A person must not engage in conduct that corrupts or would corrupt a betting outcome of an event or event contingency—

(a)          knowing that, or being reckless as to whether, the conduct corrupts or would corrupt a betting outcome of the event or the event contingency; and

(b)          intending to obtain a financial advantage, or to cause a financial disadvantage, in connection with any betting on the event or the event contingency.

There are a lot of defined terms in this section which I will not repeat, except for this one:

“conduct that corrupts or would corrupt a betting outcome of an event or an event contingency” means conduct that—

(a)          affects or, if engaged in, would or would be likely to affect the outcome of any type of betting on the event or event contingency; and

(b)          is contrary to the standards of integrity that a reasonable person would expect of persons in a position to affect the outcome of any type of betting on the event or event contingency;

Penalty: If convicted, to level 5 imprisonment (10 years maximum).

A deeper dive: This section appears under Division 2B which has the heading – “Cheating at gambling”.  It suggests a more direct level of involvement (“engage in conduct”) than the following section, s.195D (“facilitating conduct that corrupts etc”) (the latter section was not referred to by VicPol).

Section 195C was introduced by Parliament in 2013.  The second reading speech of the Crimes Amendment (Integrity in Sports) Act 2013, which introduced the amendment, said of the Act, not just s 195C:

This bill sends a very clear message that the fixing of sporting matches and other events will not be tolerated in Victoria.  It is a key component to the government’s commitment to a strong policy and legislative framework to protect the industry of sports in Victoria, integrity which is vital if the confidence and passion of Victorian sports lovers is to be secured for future generations.”

There are four reported decisions concerning section 195C Crimes Act.  All of them are VCAT harness racing matters.  Simply to illustrate the type of conduct which can be covered by the section, in Bartley, Jack & Pitt v HRV Racing Appeals and Disciplinary Board [2018] VCAT 1981 (Deputy President I. Proctor), the charges included people engaging in a deliberate set of activities with each other to manipulate the results of a race at Cobram.  The alleged conduct concerned intentionally setting a fast race and manipulating the field positions of horses.

C. Use of corrupt conduct information for betting purposes

Source: Section 195F Crimes Act

What it means: 

(1)          A person who—

(a)          possesses information in connection with an event or event contingency about conduct that corrupts or would corrupt a betting outcome of the event or event contingency; and

(b)          knows that, or is reckless as to whether, the information is about conduct that corrupts or would corrupt a betting outcome of the event or event contingency—

must not, if the information is relevant to the bet—

(c)          bet on the event or event contingency; or

(d)          encourage another person to bet on the event or event contingency in a particular way; or

(e)          communicate the information, or cause the information to be communicated, to another person who the first person knows or ought reasonably to know would, or would be likely to, bet on the event or event contingency.

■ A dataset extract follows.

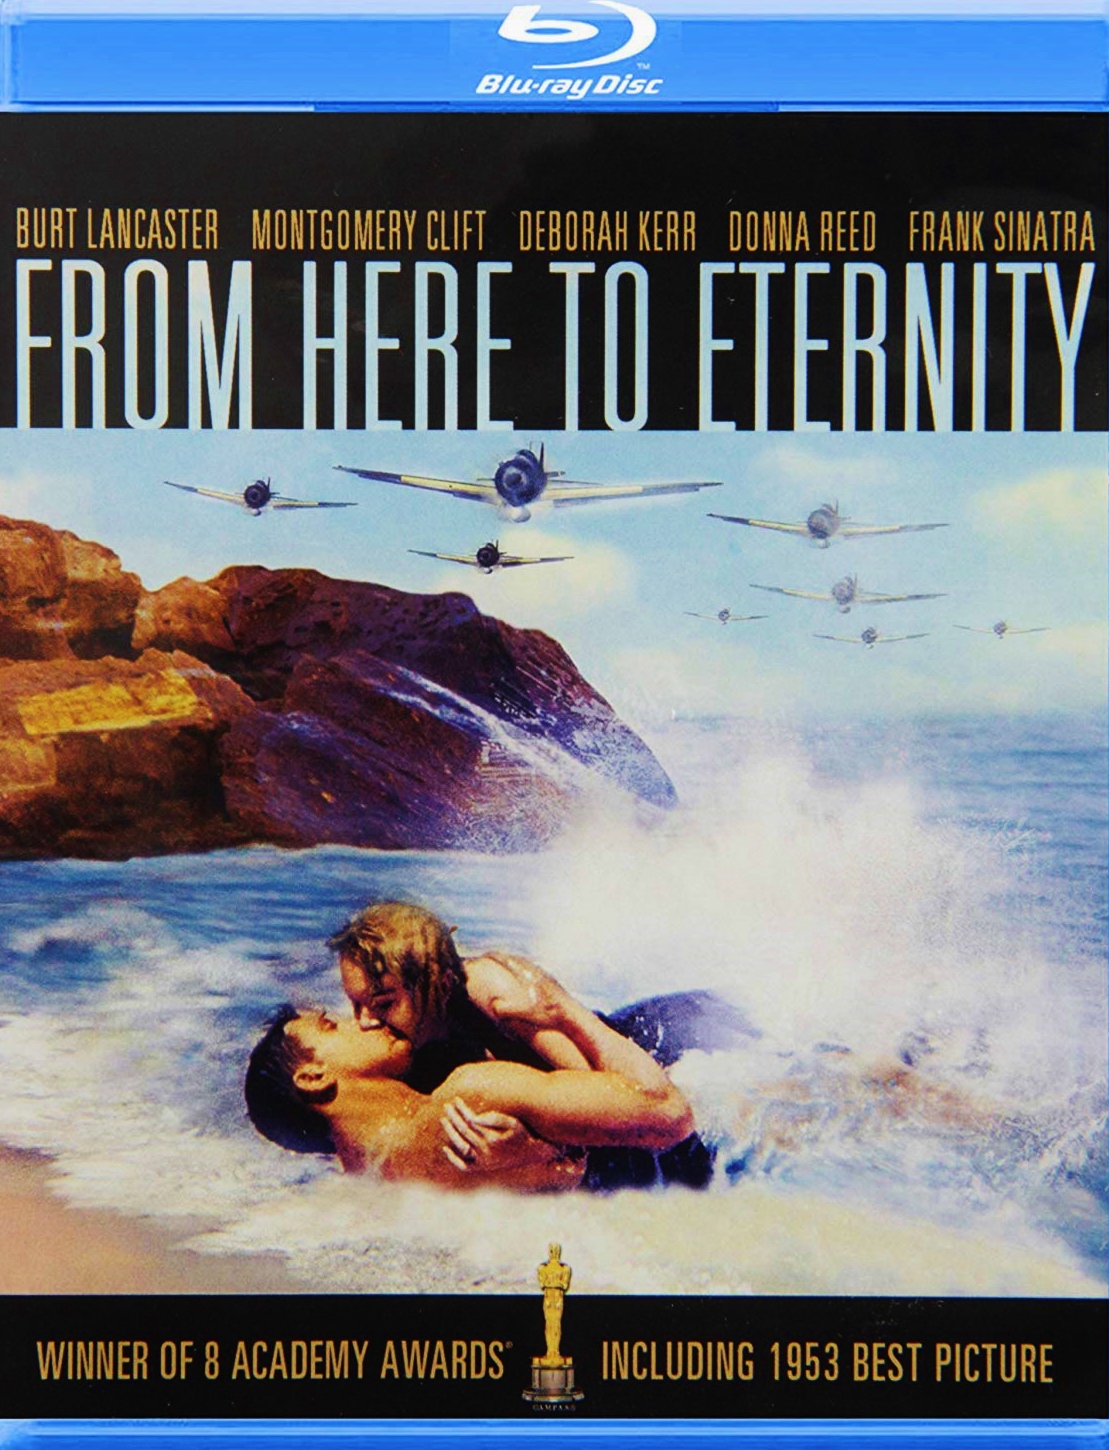 FROM HERE TO ETERNITY Blu-ray (Columbia, 1953) Sony Home Entertainment image

(2)          In a proceeding for an offence against subsection (1)(d) or (e), it is not necessary to prove that the other person actually bet on the event or event contingency concerned.

Penalty: If convicted,  level 5 imprisonment (10 years maximum).

A deeper dive: There is no reported authority concerning this provision.

D. Attempt to commit indictable offence namely obtain financial advantage by deception

Source: Section 321M Crimes Act

What it means: A person who attempts to commit an indictable offence is guilty of the indictable offence of attempting to commit that offence.

Penalty: It depends, given the generality of the provision.  In any event, the maximum would not exceed the penalty for obtaining financial advantage by deception.

Disclaimer: Whilst Natalie is a board member of the Thoroughbred Racehorse Owners’ Association Inc. (TROA), this post is written in a personal capacity.